# [WORK REQUEST]
Transcribe exactly everything in the data below from the line containing "Lenox Tuscany Classics, Hiball" down to the line containing "tes 4pc Sheet", both lines included and nothing further.

*** Opening PROVIDED DATA ***

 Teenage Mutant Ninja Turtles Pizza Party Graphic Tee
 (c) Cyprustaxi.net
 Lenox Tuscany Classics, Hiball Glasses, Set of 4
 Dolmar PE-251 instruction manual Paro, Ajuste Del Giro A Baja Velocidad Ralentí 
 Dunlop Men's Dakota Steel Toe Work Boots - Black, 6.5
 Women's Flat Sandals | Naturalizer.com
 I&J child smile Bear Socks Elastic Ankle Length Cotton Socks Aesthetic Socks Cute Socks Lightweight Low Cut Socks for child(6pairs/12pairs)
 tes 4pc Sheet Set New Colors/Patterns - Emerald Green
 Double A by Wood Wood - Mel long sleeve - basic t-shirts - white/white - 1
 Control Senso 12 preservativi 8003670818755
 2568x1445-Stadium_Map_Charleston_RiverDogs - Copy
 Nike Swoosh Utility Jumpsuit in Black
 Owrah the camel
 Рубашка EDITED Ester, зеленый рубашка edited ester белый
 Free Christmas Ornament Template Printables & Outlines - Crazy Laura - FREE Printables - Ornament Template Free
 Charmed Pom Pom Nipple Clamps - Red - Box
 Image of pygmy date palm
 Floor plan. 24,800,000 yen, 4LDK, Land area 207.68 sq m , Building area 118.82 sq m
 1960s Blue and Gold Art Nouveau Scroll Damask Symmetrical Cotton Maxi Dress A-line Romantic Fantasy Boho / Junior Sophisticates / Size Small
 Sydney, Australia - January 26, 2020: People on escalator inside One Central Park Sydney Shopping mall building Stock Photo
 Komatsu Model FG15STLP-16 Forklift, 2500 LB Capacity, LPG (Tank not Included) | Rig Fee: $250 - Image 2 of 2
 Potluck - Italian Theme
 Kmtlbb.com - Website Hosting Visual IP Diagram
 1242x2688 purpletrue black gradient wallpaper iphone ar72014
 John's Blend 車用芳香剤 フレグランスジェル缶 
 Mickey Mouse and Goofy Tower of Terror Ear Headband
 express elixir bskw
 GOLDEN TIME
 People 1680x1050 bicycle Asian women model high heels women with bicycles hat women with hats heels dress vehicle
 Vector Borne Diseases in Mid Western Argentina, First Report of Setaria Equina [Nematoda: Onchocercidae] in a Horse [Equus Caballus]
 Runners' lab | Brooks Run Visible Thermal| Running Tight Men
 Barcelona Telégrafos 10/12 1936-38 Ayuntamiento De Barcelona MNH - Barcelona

*** Closing PROVIDED DATA ***

# [TASK RESPONSE]
 Lenox Tuscany Classics, Hiball Glasses, Set of 4
 Dolmar PE-251 instruction manual Paro, Ajuste Del Giro A Baja Velocidad Ralentí 
 Dunlop Men's Dakota Steel Toe Work Boots - Black, 6.5
 Women's Flat Sandals | Naturalizer.com
 I&J child smile Bear Socks Elastic Ankle Length Cotton Socks Aesthetic Socks Cute Socks Lightweight Low Cut Socks for child(6pairs/12pairs)
 tes 4pc Sheet Set New Colors/Patterns - Emerald Green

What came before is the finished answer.